Hey @gabaly92
Nice work! You are right about the HLSL runtime, this is work in progress and missing most of the operators. With RDG, you also took the biggest challenge, as it is the most complex to get it running.
So first of all: If you have data on cpu and you want to run a model on it on gpu but then get the results on cpu again, I would recommend to use the INNERuntimeGPU interface (and probably the ORTDml runtime) as it handles the upload and download for you.
RuntimeRDG is meant to be used when you want to run a network as part of rendering a frame (e.g. post processing), e.g. consuming the resource that is generated during frame rendering and consume the output which then contributes to the final output.

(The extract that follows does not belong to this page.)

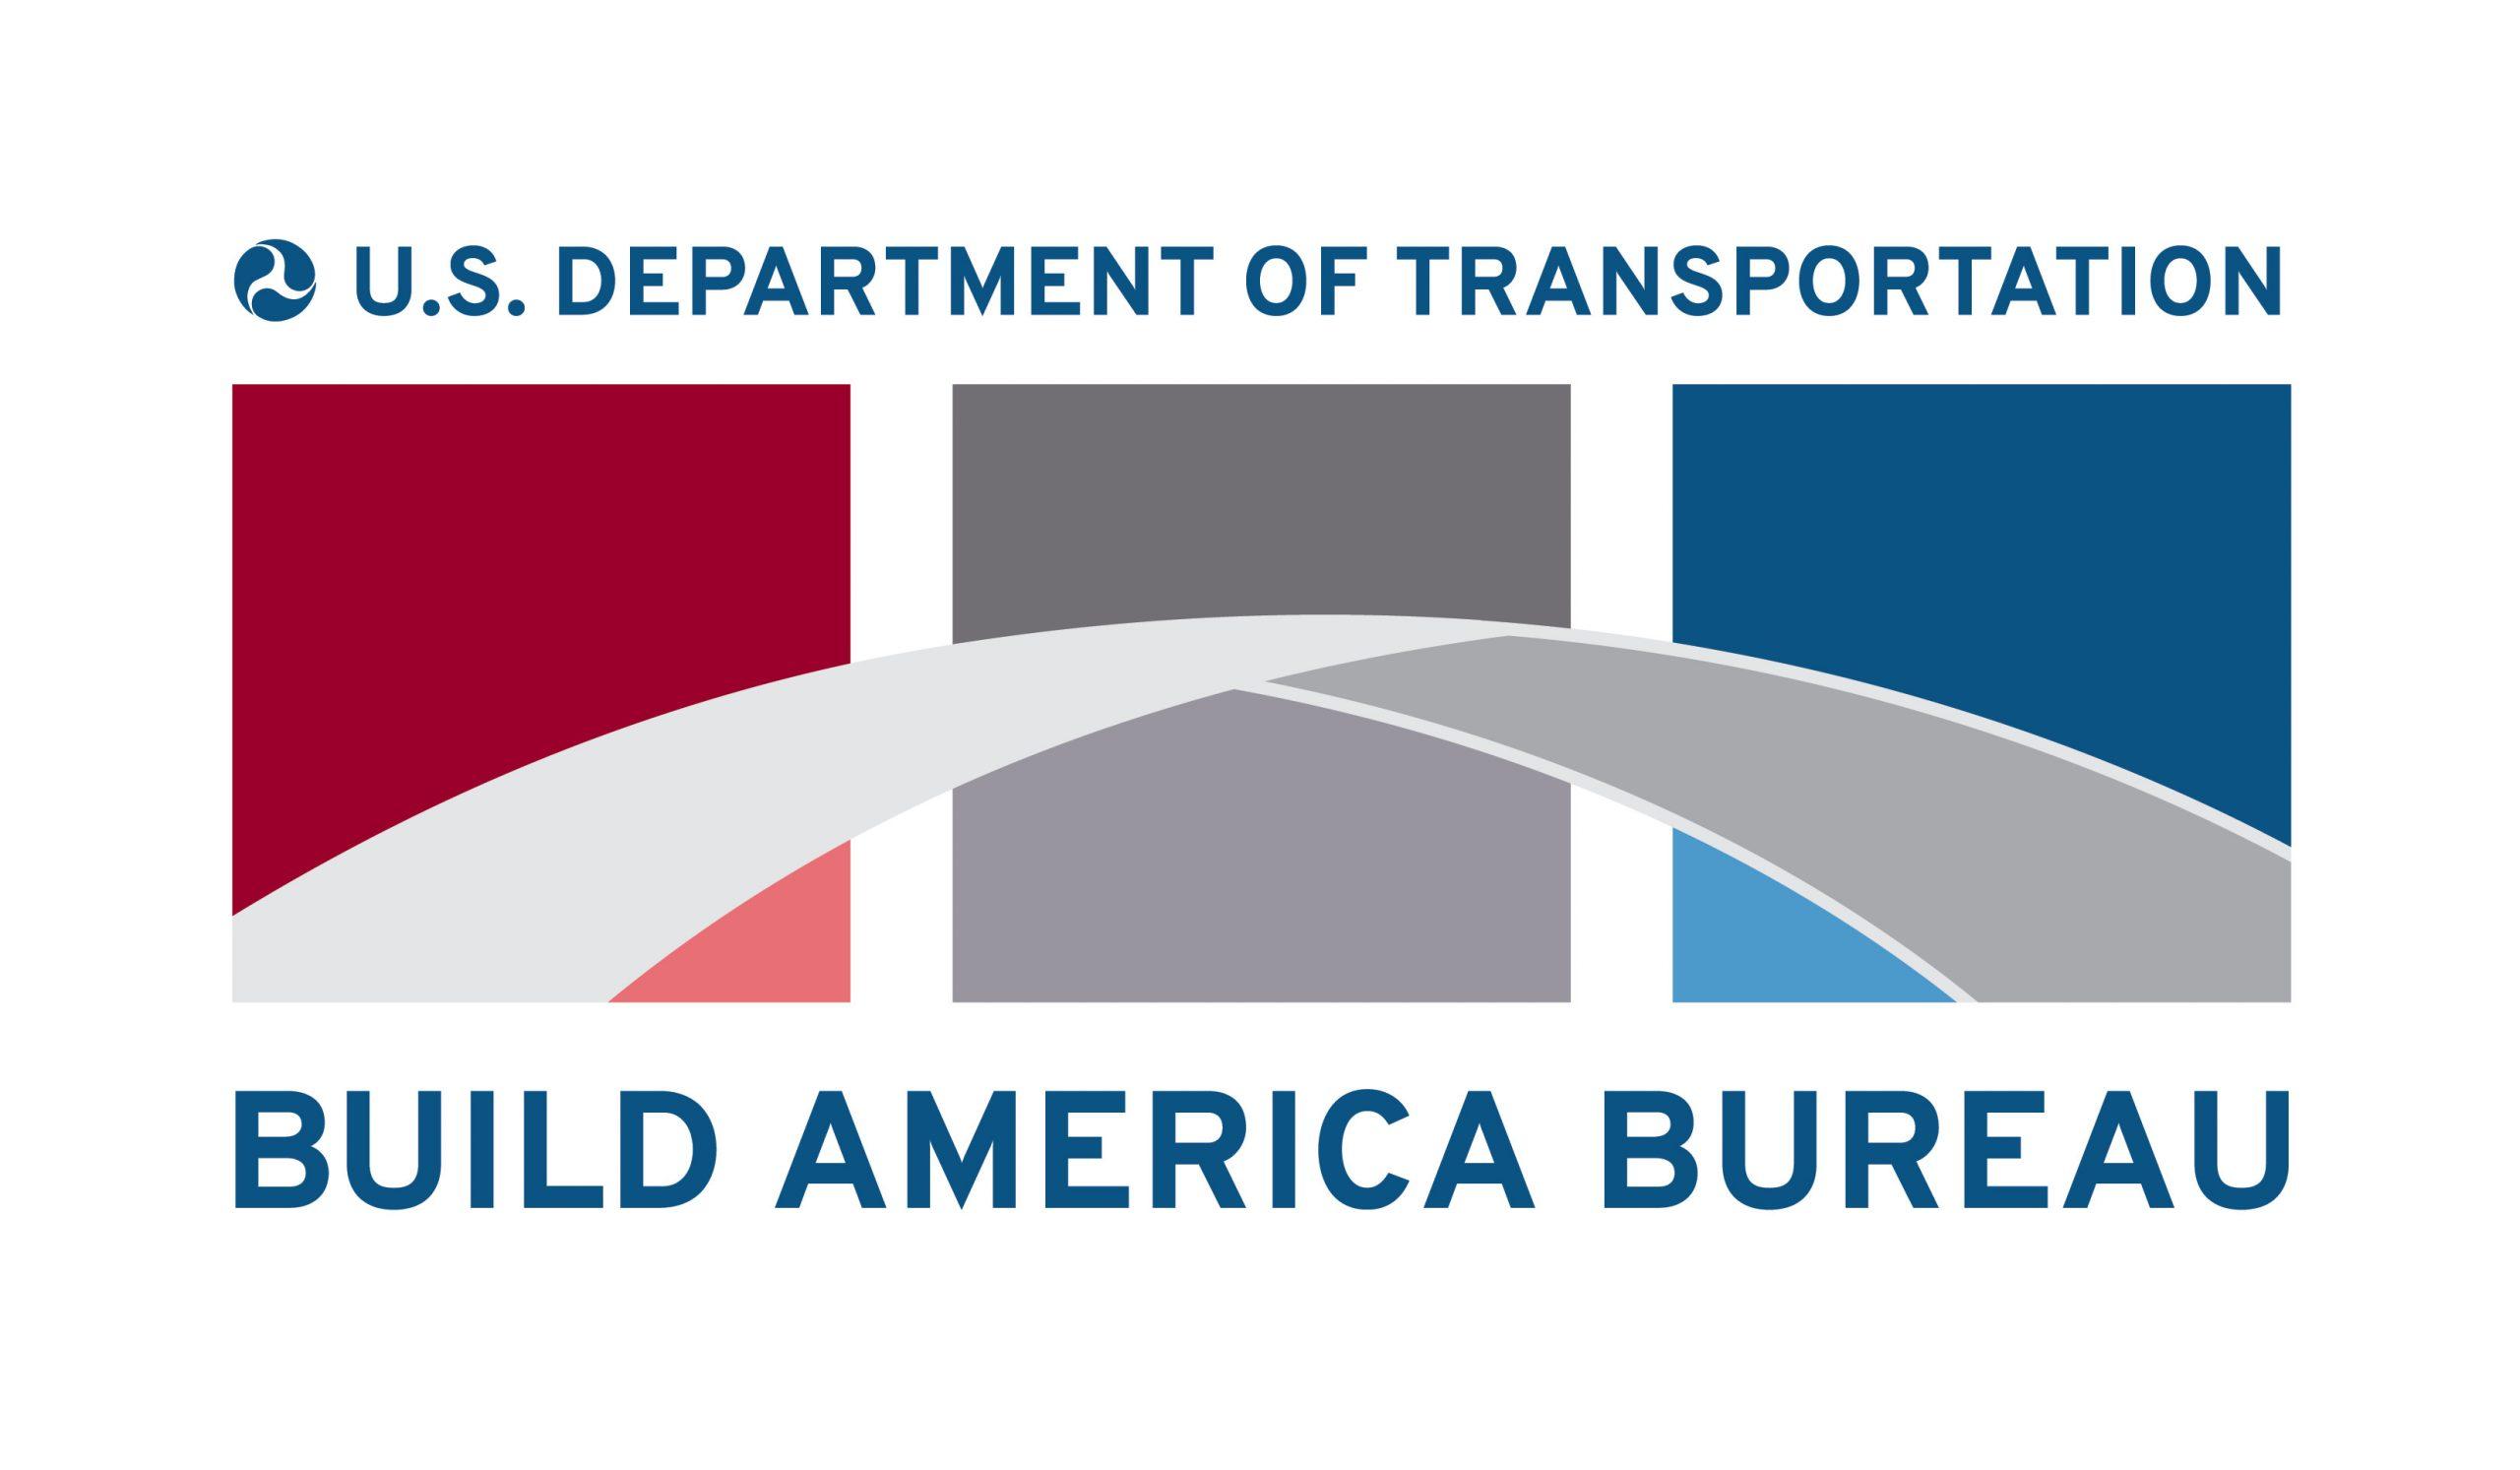 U.S. Department of Transportation, Build America Bureau

However, for the fun of the exercise you can indeed do what you did and try to do the up- and download manually. But there are unfortunately a couple of issues with the code and I recommend you reading about the Render Dependency Graph first. Especially the part on uploading buffers and buffer extraction.
E.g. you create the buffers on one GraphBuilder but then use it in the other (which only works if you register or convert it to external), you would typically move this code into the dispatch function, to allow RDG to reuse resources. Also you use the upload mechanism on the output buffer, but what you want there is to download the data from the buffer into your array.
So:
- Create the buffers inside ENQUEUE_RENDER_COMMAND on the same builder and set the input bindings there
- Looks correct
- It crahses because you use buffers that are not valid anymore as they belong to another graph builder
(4. You will not get any results back, as you are uploading your output array)
Hope that helps! As mentioned, it is difficult so dont be demotivated!